**GOAL OF THE EXERCISE**
Print only the lines below from the one with "StarTech.com 0.5m Black" to the one with "1838 Capped Bust", both included, exactly as they stand. Leave pictures out.

══ MATERIAL SUPPLIED

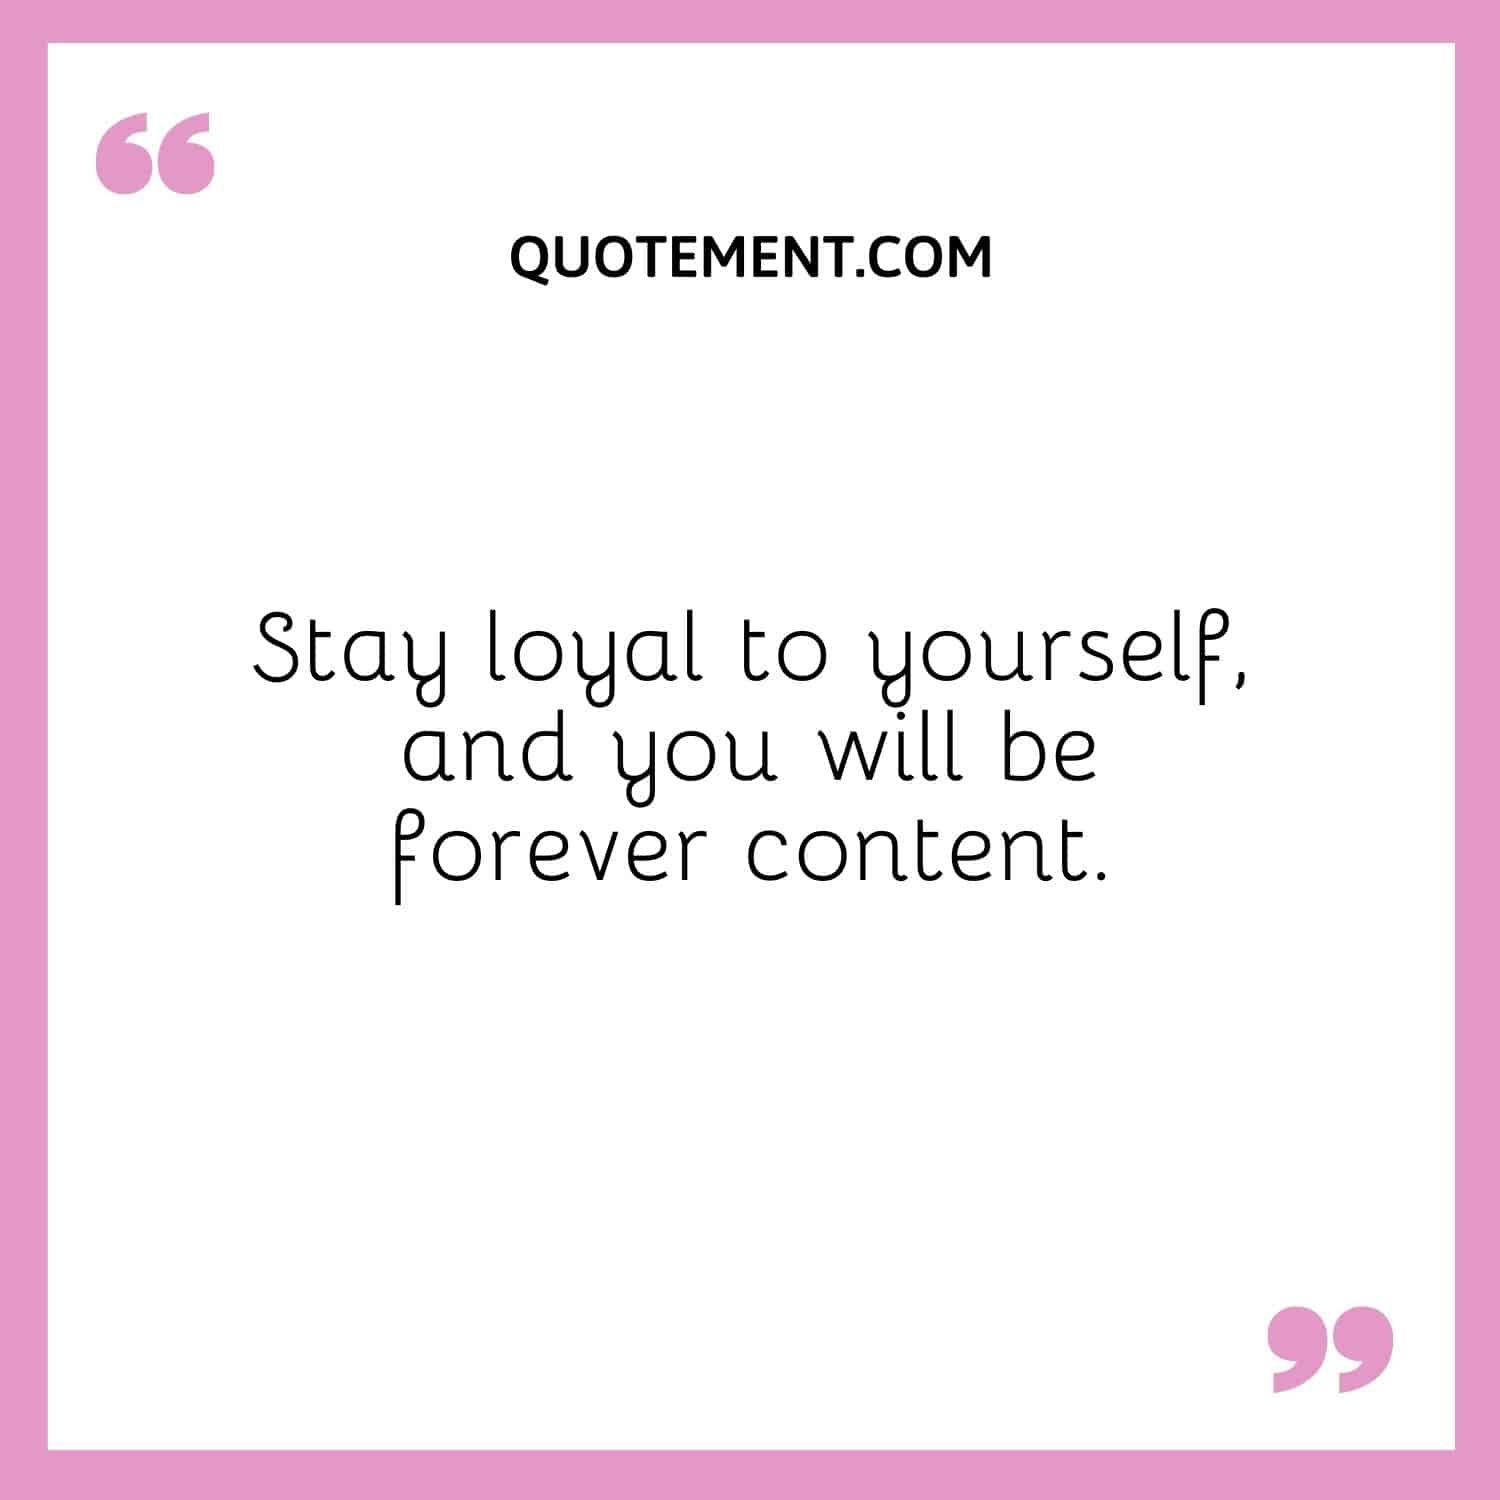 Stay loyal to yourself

════
══ MATERIAL SUPPLIED

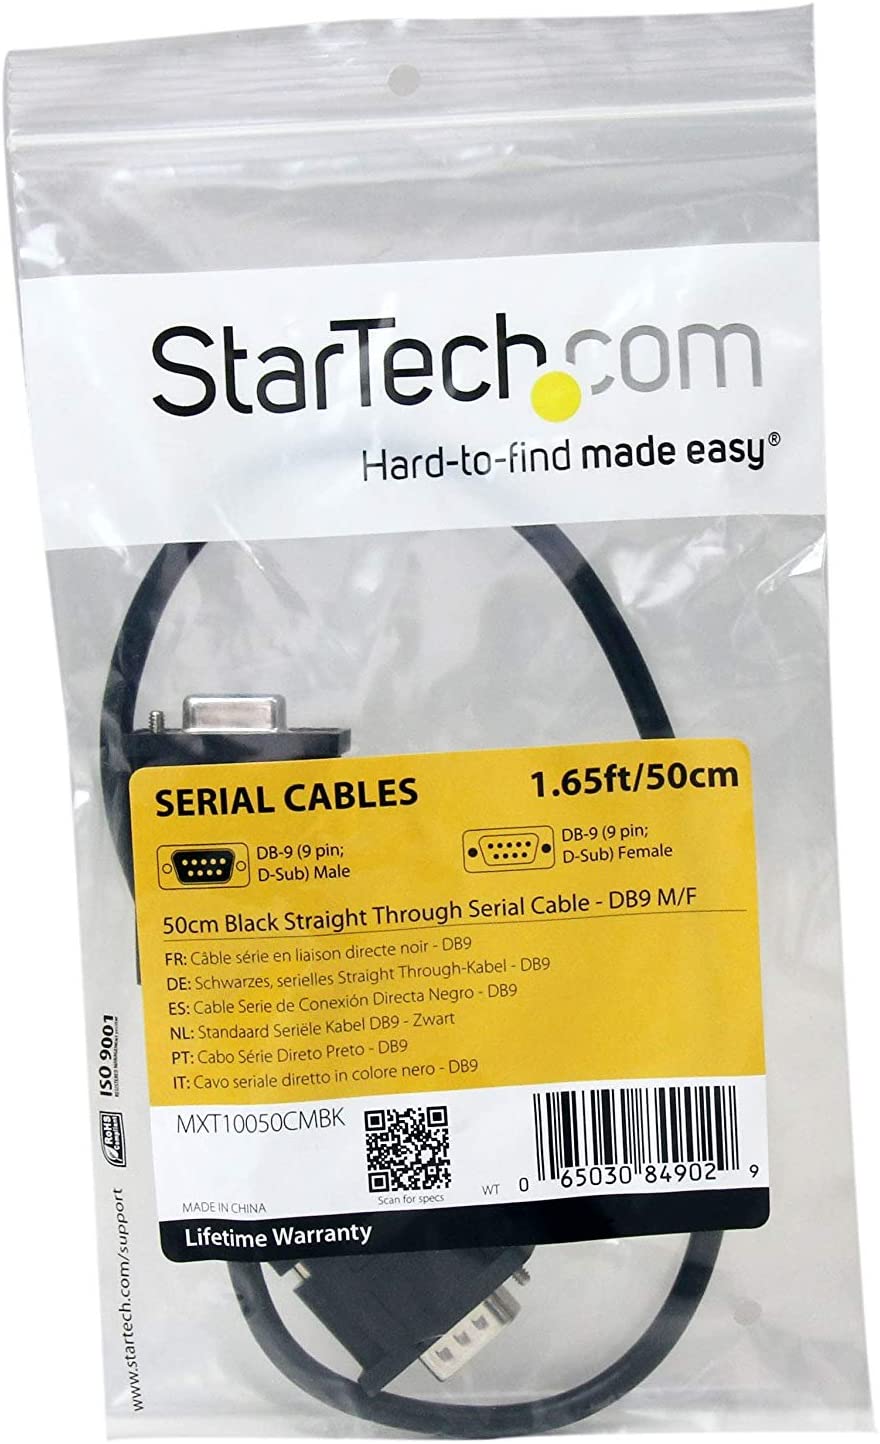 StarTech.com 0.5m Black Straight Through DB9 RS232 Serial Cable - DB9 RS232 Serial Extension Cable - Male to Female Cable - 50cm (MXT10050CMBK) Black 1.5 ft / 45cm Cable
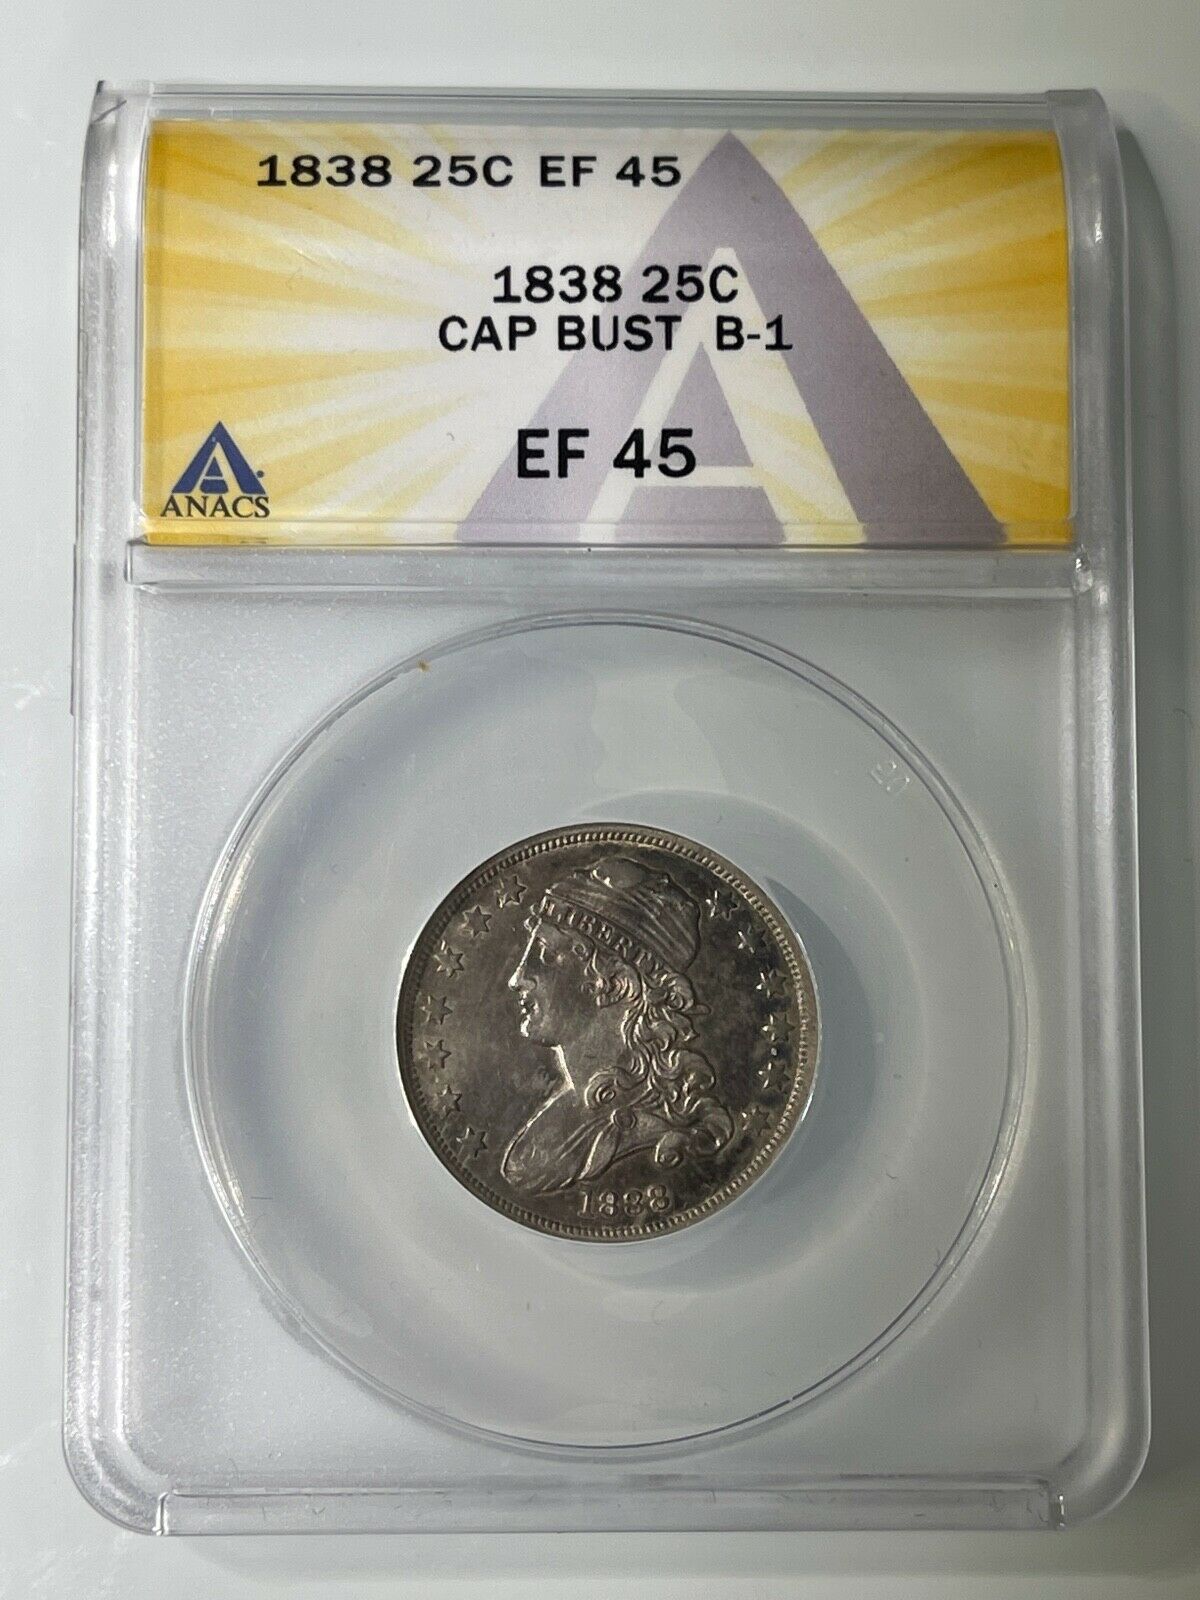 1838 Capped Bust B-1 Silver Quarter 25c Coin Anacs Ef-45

════

**RESPONSE**
 StarTech.com 0.5m Black Straight Through DB9 RS232 Serial Cable - DB9 RS232 Serial Extension Cable - Male to Female Cable - 50cm (MXT10050CMBK) Black 1.5 ft / 45cm Cable
 1838 Capped Bust B-1 Silver Quarter 25c Coin Anacs Ef-45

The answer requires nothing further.